Согласно мемуарной лексике, дневником называем описание своего жизненного опыта и разных событий из прошлого, в которых мы участвовали или которые оказали сильное влияние на нашу жизнь. Основной лексической особенностью автобиографии является воспоминания человека о знаковых событиях его жизни, в которых он участвовал. Интересен эпистолярный жанр: это письма-обращения автора к какому-либо адресату, содержащие описание событий и переживаний своей жизни и окружении. Социологи видят в автобиографическом произведении необходимость создать индивидуальную личность в массовом обществе [3] и отмечают культурное
значение «генератора биографии» [1, с. 36]. Французский автобиографист Филипп Лежен пишет, что автобиография - это ретроспективная проза, где настоящий человек представляет свою жизнь, подчеркивая его индивидуальную судьбу, особенно историю его личности. Таким образом, мемуарист, заключая пакт с читателем, передает правду согласно своему пониманию и усмотрению. Ф. Лежен называет это «автобиографическим пактом» [6, с. 22].
Некоторые теоретики автобиографической литературы подчеркивают специфику воспоминаний ссыльных и мигрантов-беженцев: они писали, чтобы не только создать «генератор биографии» или личности, но также, чтобы защитить национальную личность и биографию, которая не поддается поражению.
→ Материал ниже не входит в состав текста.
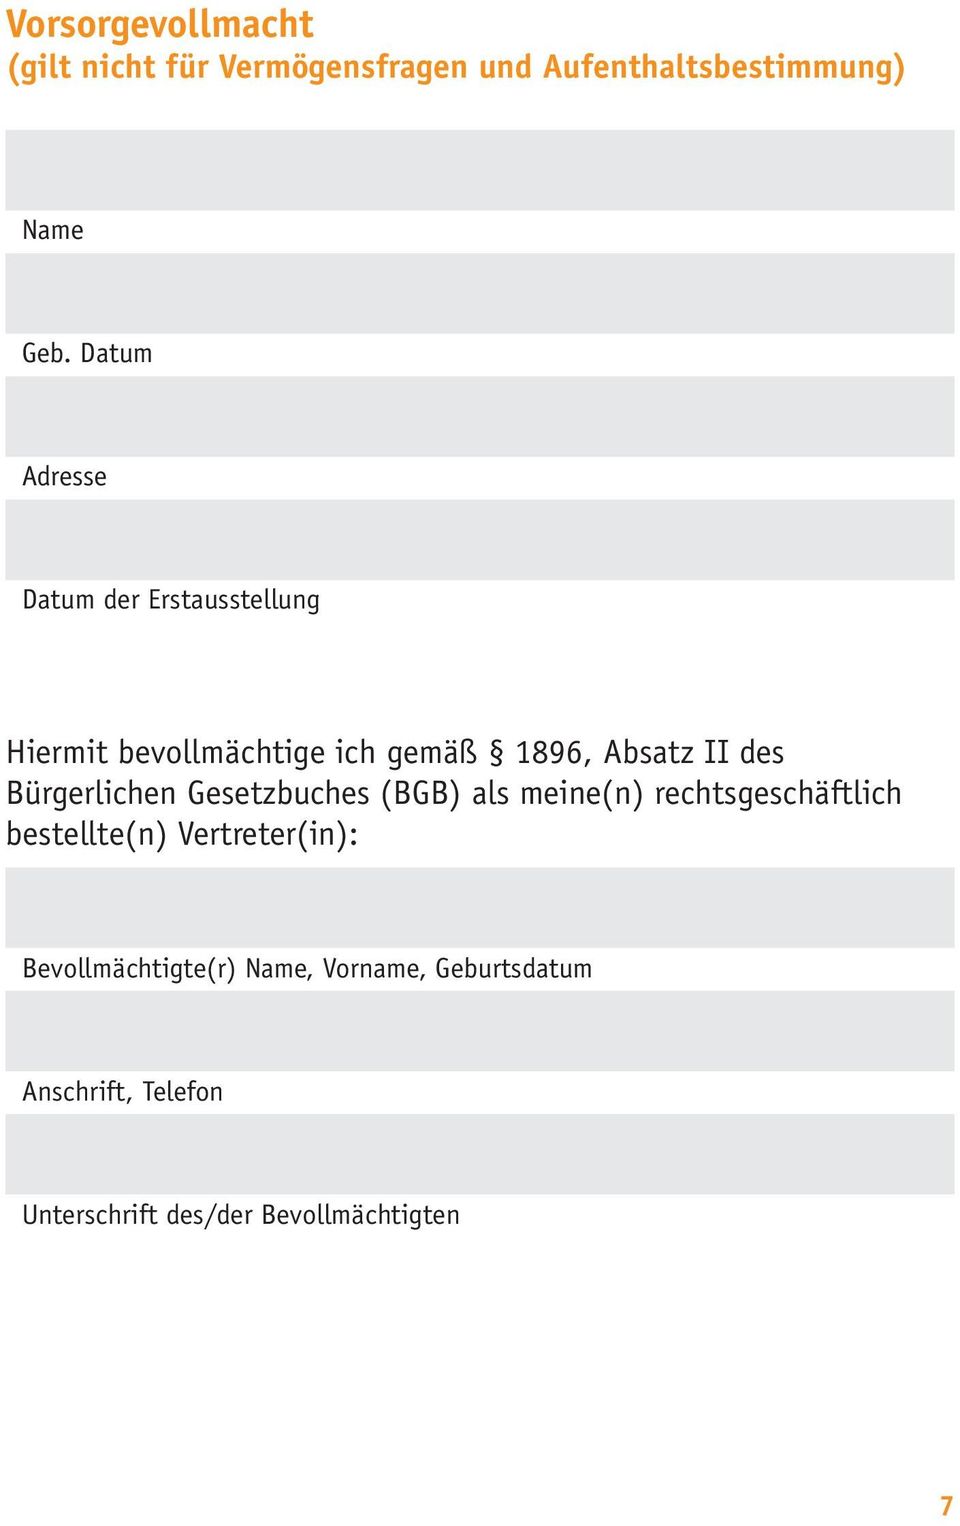 Bürger lichen Gesetzbuches (BGB) als meine(n) rechtsgeschäftlich be stellte(n) Vertreter(in):
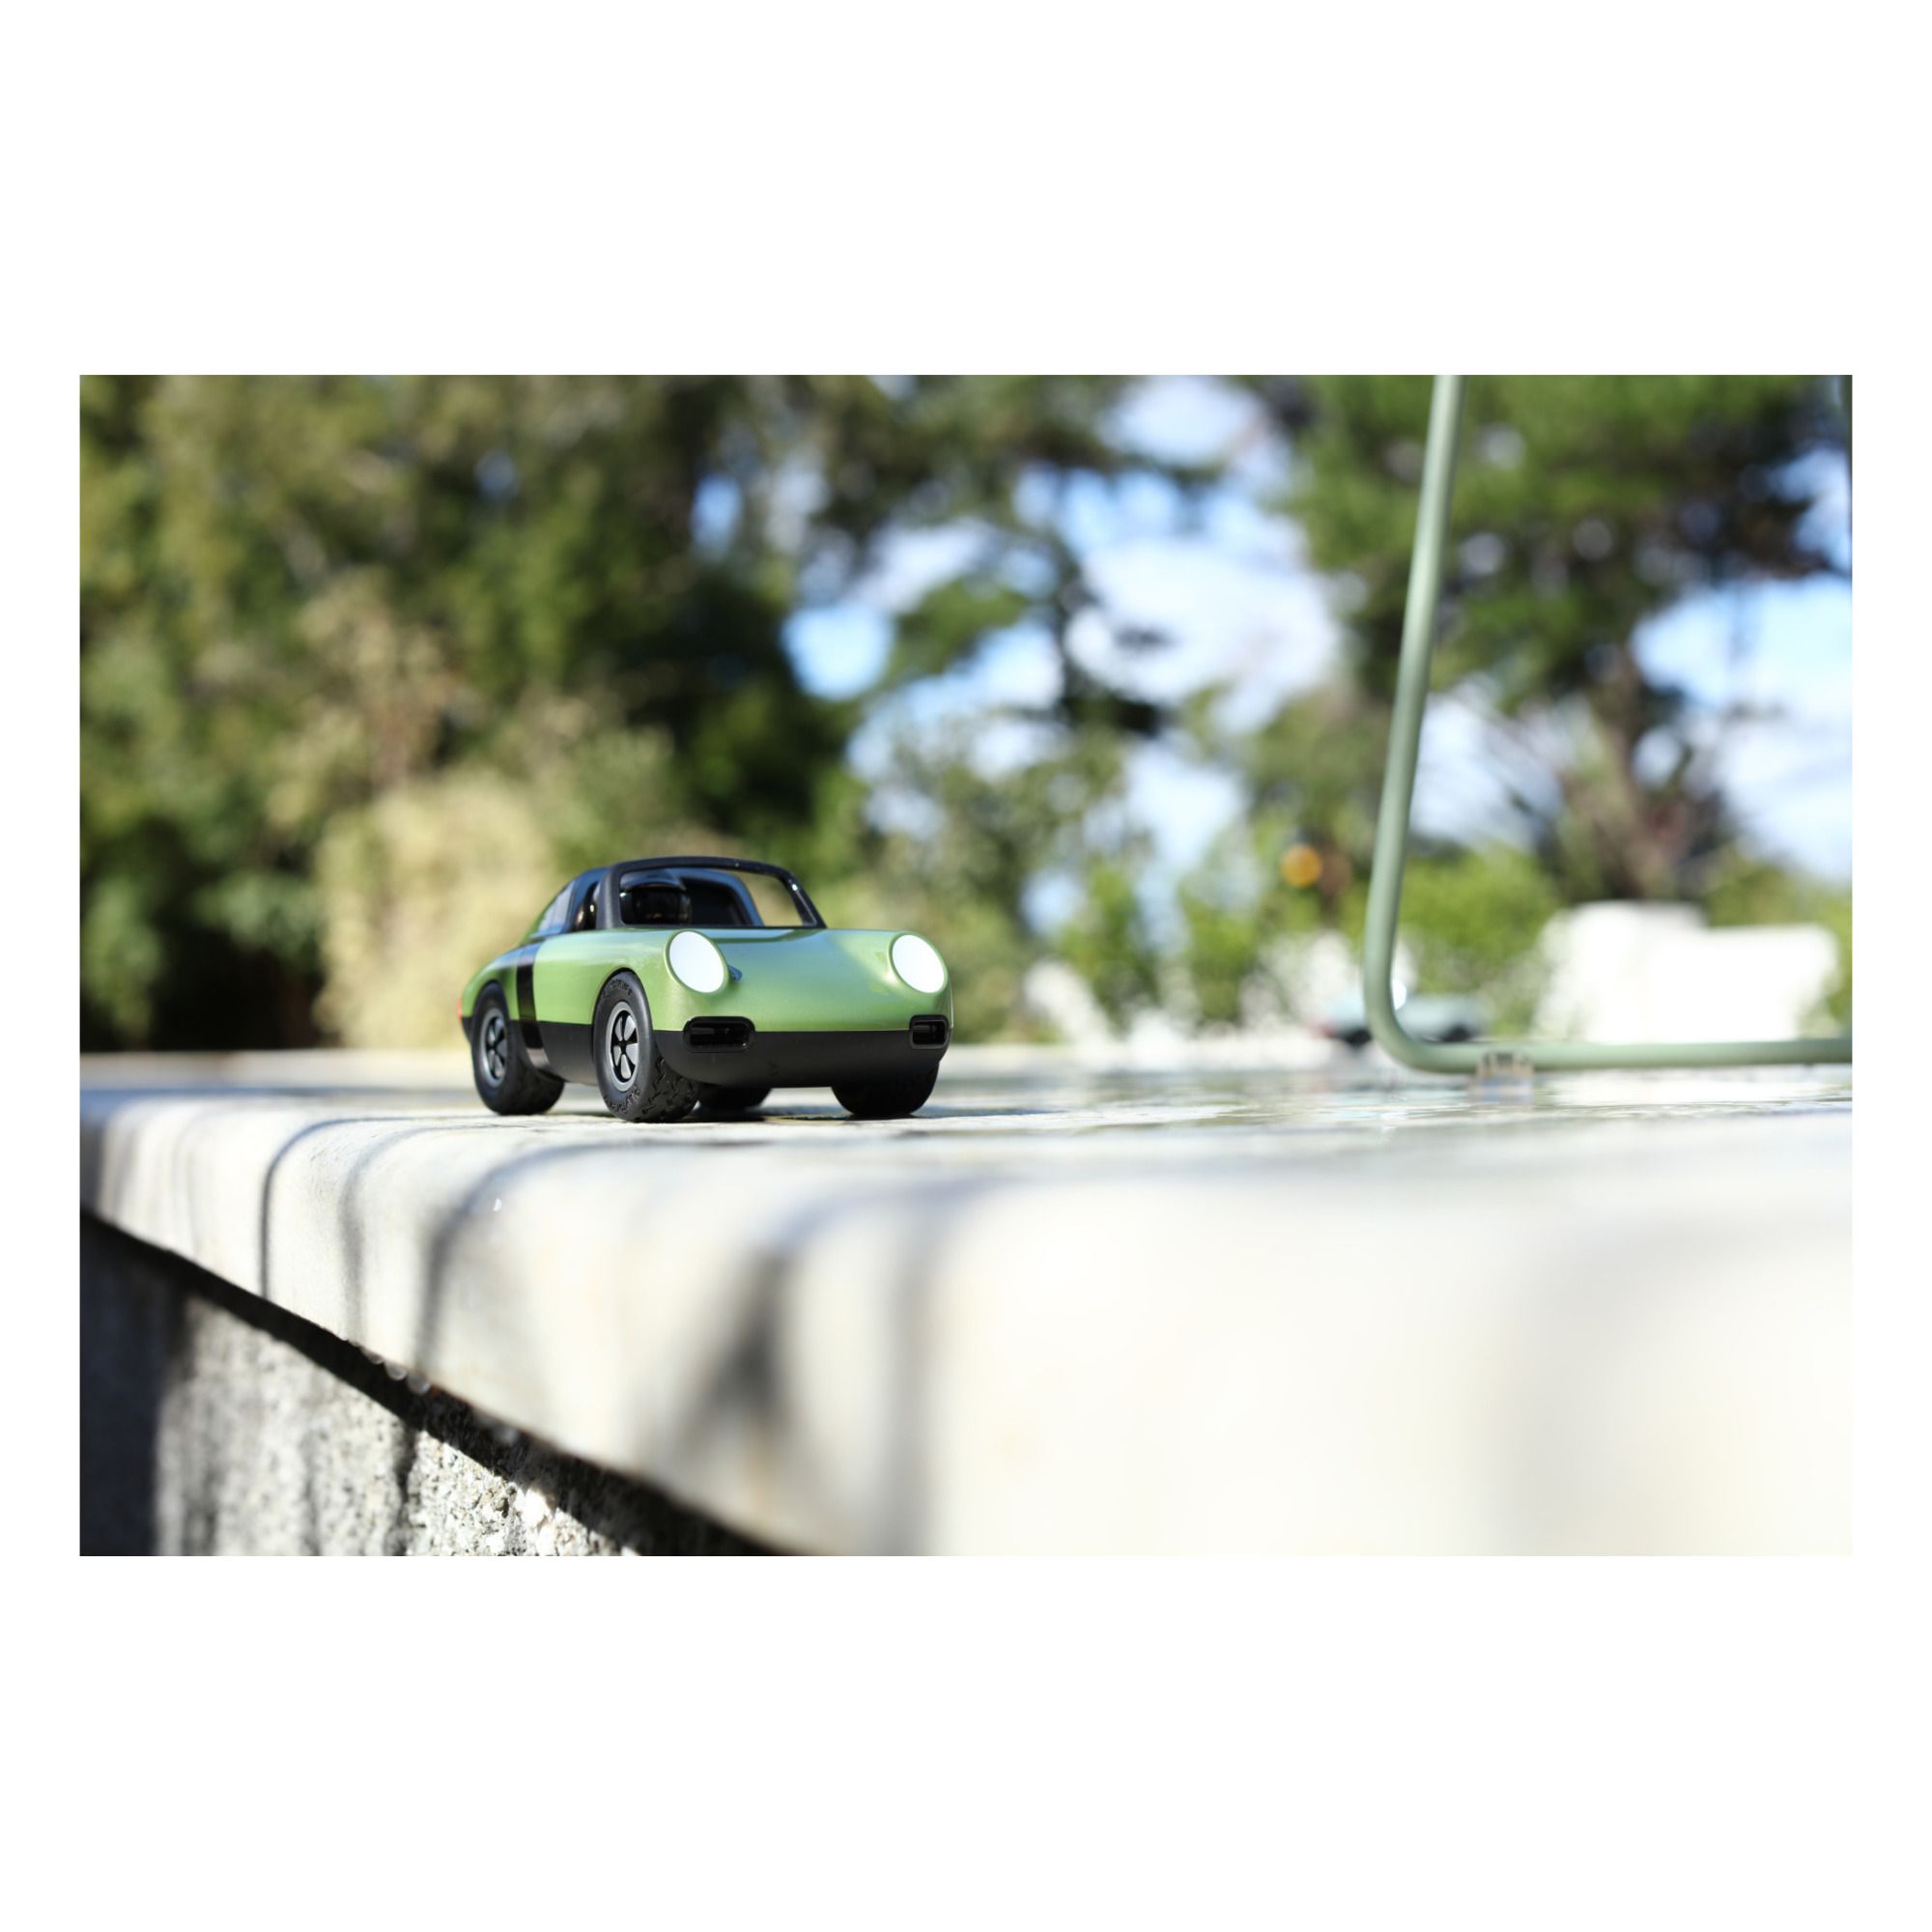 Luft Spielzeugauto Grünolive- Produktbild Nr. 3

Польский исследователь исторических мемуаров Анджей Ченьский пишет о таких документах: «В такой модели дневника больше затрагивается интерес к истории. Факты и события преобладают над интересом и индивидуальным опытом. История в таких мемуарах носит особый характер: внимание уделяется не армии, вождям, сражениям, дипломатии. Самой важной является судьба человека, сформированного историей. Автор этого типа дневника может участвовать в исторически событиях довольно периферийно, может не знать выдающихся людей, не давать значительных дат и фактов, а его судьба, определяемая историей, придает особый характер документа, является свидетельством» [2, с. 109-110]. Эта точка зрения вышеуказанного историка подтверждается вполне в мемуарной литературе сибирских ссыльных, которую автор настоящей статьи попытался представить в качестве документального вклада в развитие сибирской культуры. Уже в конце XVI в., а затем в XVII и XVIII веках, в период, когда было много польско-русских войн, царская власть отправляла на земли Сибири военнопленных-поляков. Нужны были там квалифицированные люди с европейским уровнем образования. Вацлав Серошевский писал, что Москва увидела в поляках хороших поселенцев. Он писал, что «характер польского изгнания как принудительного, так и добровольного имел с самого начала интеллектуальные и профессиональные черты» [8, с. 9], поэтому они описали то, что они видели и испытывали.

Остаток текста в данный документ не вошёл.